Rate of Change: A Closer Look

JoatSimeon at aol.com JoatSimeon at aol.com
Thu Jun 14 07:50:20 UTC 2001


In a message dated 6/13/01 11:03:54 PM Mountain Daylight Time,
X99Lynx at aol.com writes:

> I must be firm in pointing out that "rate of change," as Prof Trask is using
> it, has little scientific validity - at least without confirmable numbers
> that anybody can double-check.

-- anybody can acquire the necessary knowledge base to know what Professor
Trask is talking about.

You can even reinvent it yourself.

It will take about twenty years, and you'll have to learn a round two dozen
languages or so (a hundred would be better),  and you'll be redoing stuff
that thousands of others have done before you, but you can do it, if you want
to.  Just as anyone can drop weights off the Leaning Tower of Pisa and time
weather the heavy ones hit before the light ones.


> I helped prepare a presentation before a board of physicists at the National
> Science Foundation a few years back.

-- linguistics is a descriptive-historical field, not an experimental one.
It's much more like paleontology than physics; digging up fossils, not
working with subatomic particles.   We describe what happened in the past,
not things which can be repeated at will in a laboratory.  This limits the
degree of quantification which can be done.

> If they expect this kind of specificity about "rates of change" in quantum
> mechanics and animal behavior experiments, they can expect it in historical
> linguistics.

-- no, they can't.  This is not an experimental science.  The field of data
available is of an entirely different order.

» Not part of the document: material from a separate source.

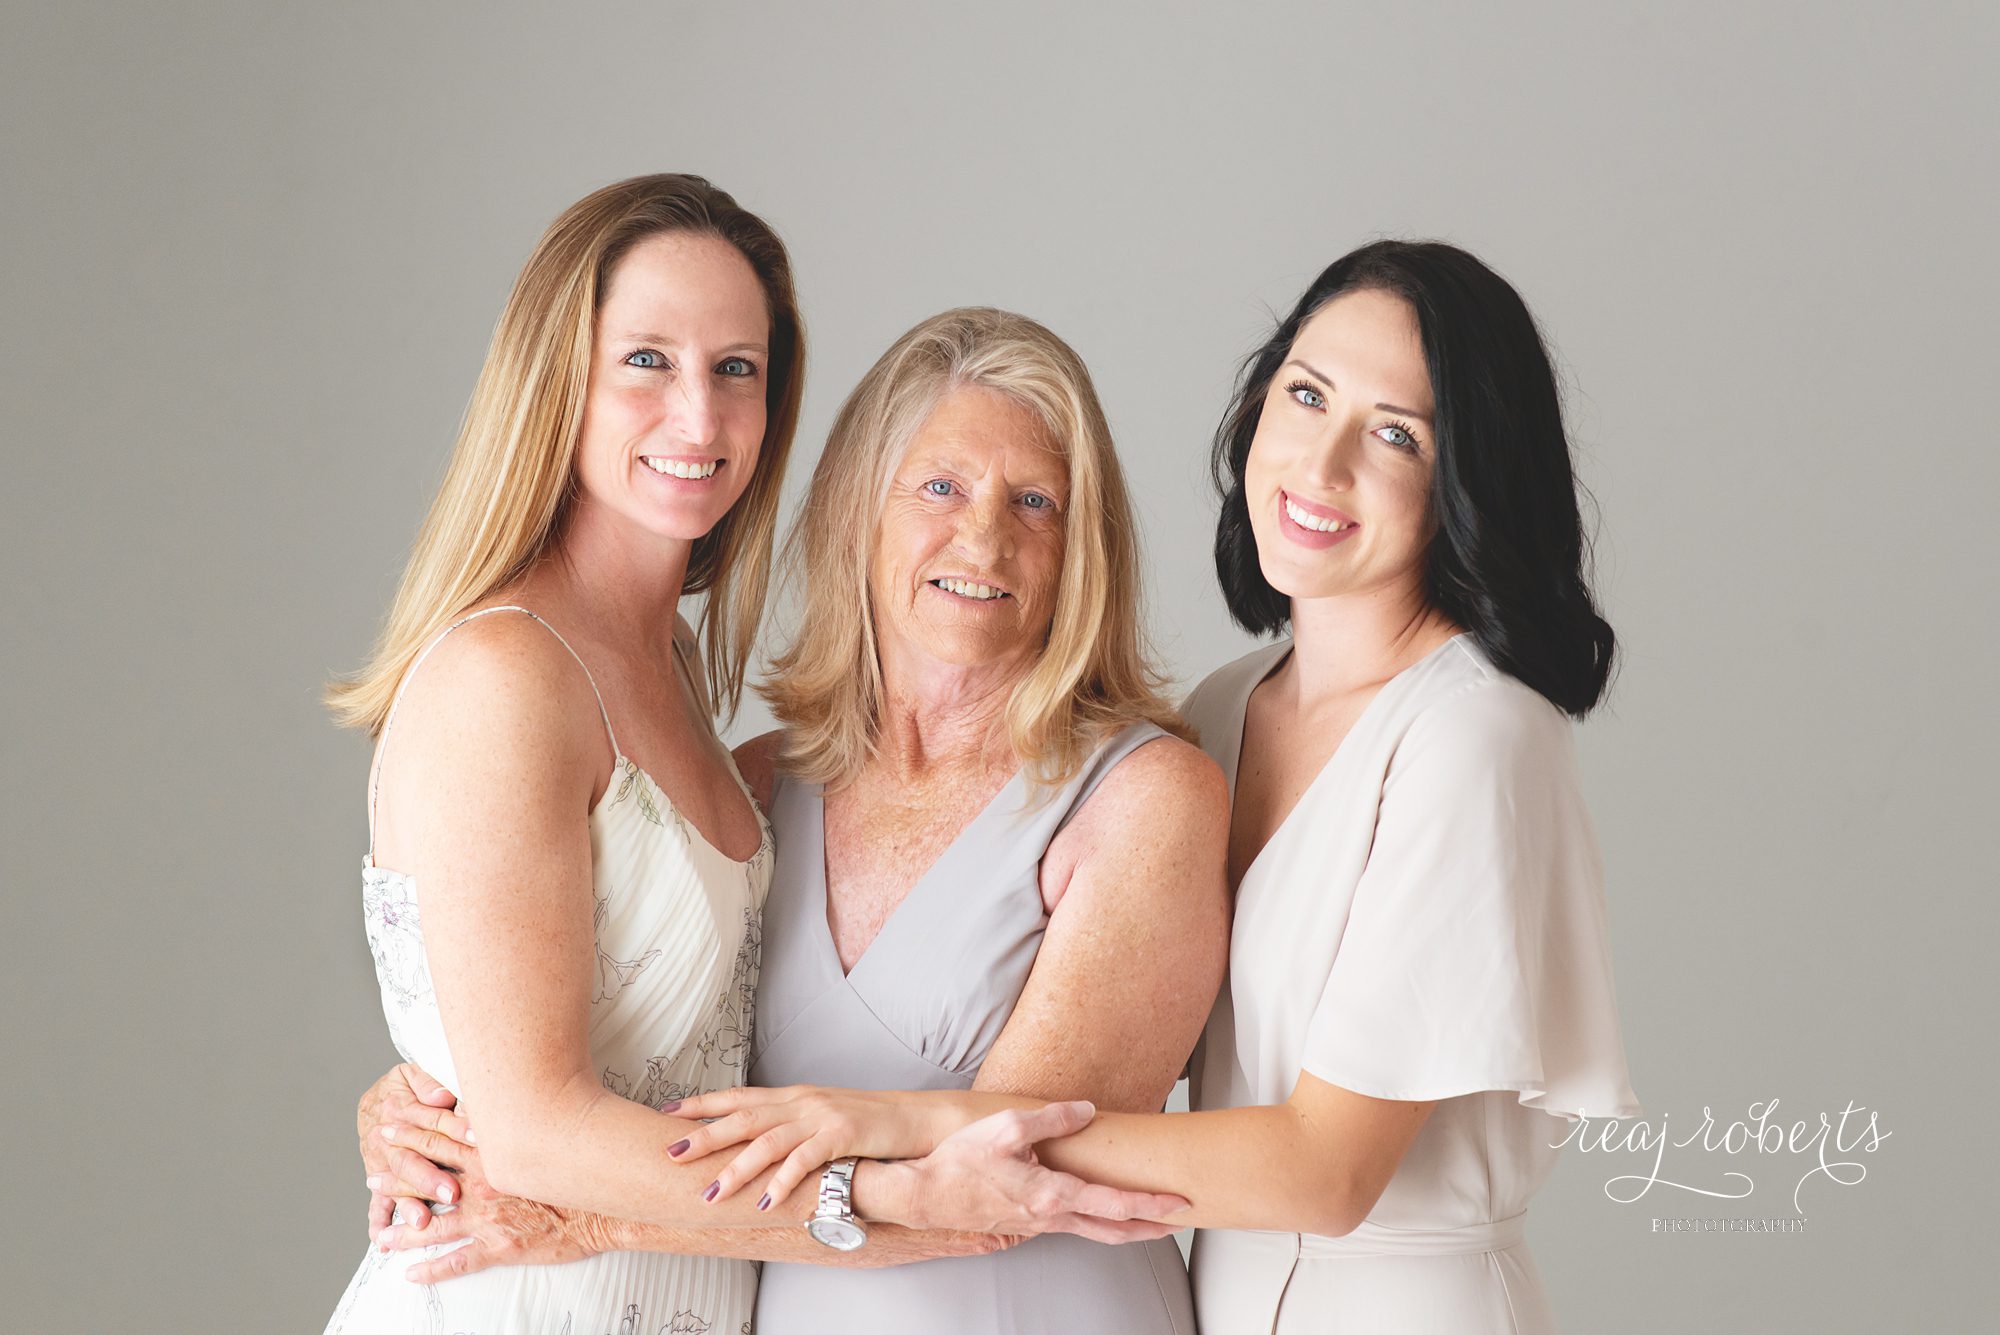 Grandmother, mother, and daughter photo | Reaj Roberts Photography

Give us a time machine and a tape recorder, and we can obtain results similar
to those of physics.

As it is, we're more like a technical kind of historian or archaeologist,
ferreting through scraps of waste-paper and bits of bone and doing
connect-the-dots.

It's been demonstrated repeatedly that the comparative method of historical
linguistics works; it has predictive power.  Many times we have found new
evidence anticipated beforehand using this method.

But it isn't physics.

> If we are talking about sound changes that separate two daughter languages,
> we should be able to show that those specific sound changes took a certain
> number of years, days, hours and with historical evidence.

-- no, the best we can do is to say that the observable languages indicate that
rates of change vary between a low of X, a high of Y, and average around Z.

When you talk about changes to a language, you're talking about thousands of
discrete events, most of them irreversably lost to entropy.

Quantification is necessarily fuzzy in this field.  It doesn't mean that
there are no boundaries and that anything goes; it just means that the
evidence is, by its nature, imprecise.

We have ranges of possible rates, not _a_ rate.  We can say, "this is
probable, that is improbable, the other thing is for all practical purposes
impossible because it would require a concentration of highly unlikely
chances".

> 2.  An example.  In biology, we talk about the rate of mutation.

-- not applicable.

> So what does body hair tell us about "rate of change?" 

-- not an applicable analogy, even remotely.

_Everything_ in a language eventually changes.  Eventually, it changes so
much that relationships are no longer detectable.

By way of contrast, even a bacterium and a human being share a fair number of
genes are are demonstrably related.

Presumably Basque and English have a common linguistic ancestor _somewhere_;
it's just so far back in time that all detectable links have vanished in the
steady "churning".

Remember, that the _form_ of a word bears no _necessary_ relationship at all
to its semantic _function_.  It's an arbitrary symbol.  Thus a language can
change _totally_, and still fulfill all the same functions it did before.
This is not true with genes.

Degree of _overall_ similarity is a good rough-cut indicator of how long
languages have been separated, and is in fact analagous to the
comparative-DNA tests used to determine the time-depth of the evolutionary
relationship between related animal species.

You can use this method with a high degree of accuracy.  Take a quick look
at, say, two Slavic languages, or two Romance ones, and then a Slavic and
Germanic or Germanic and Romance, or a Slavic, Romance and Germanic.

You will get precisely accurate _relative_ chronology from such a cursory
investigation; without any historical data besides the languages themselves,
you can immediately tell that the common ancestor of Romance is not far away
in time, that Common Slavic is even closer, that the common ancestor of any
Germanic language and any Slavic or Romance one is much further away in time
than that.

> 4. As I said, this is not meant to be disrespectful of linguistic
> expertise.

-- well, it certainly sounds that way.  If you want to talk about
linguistics, you have to come at it from the inside.  You're attempting to
apply inappropriate methodologies, and to do so without the necessary
knowledge base.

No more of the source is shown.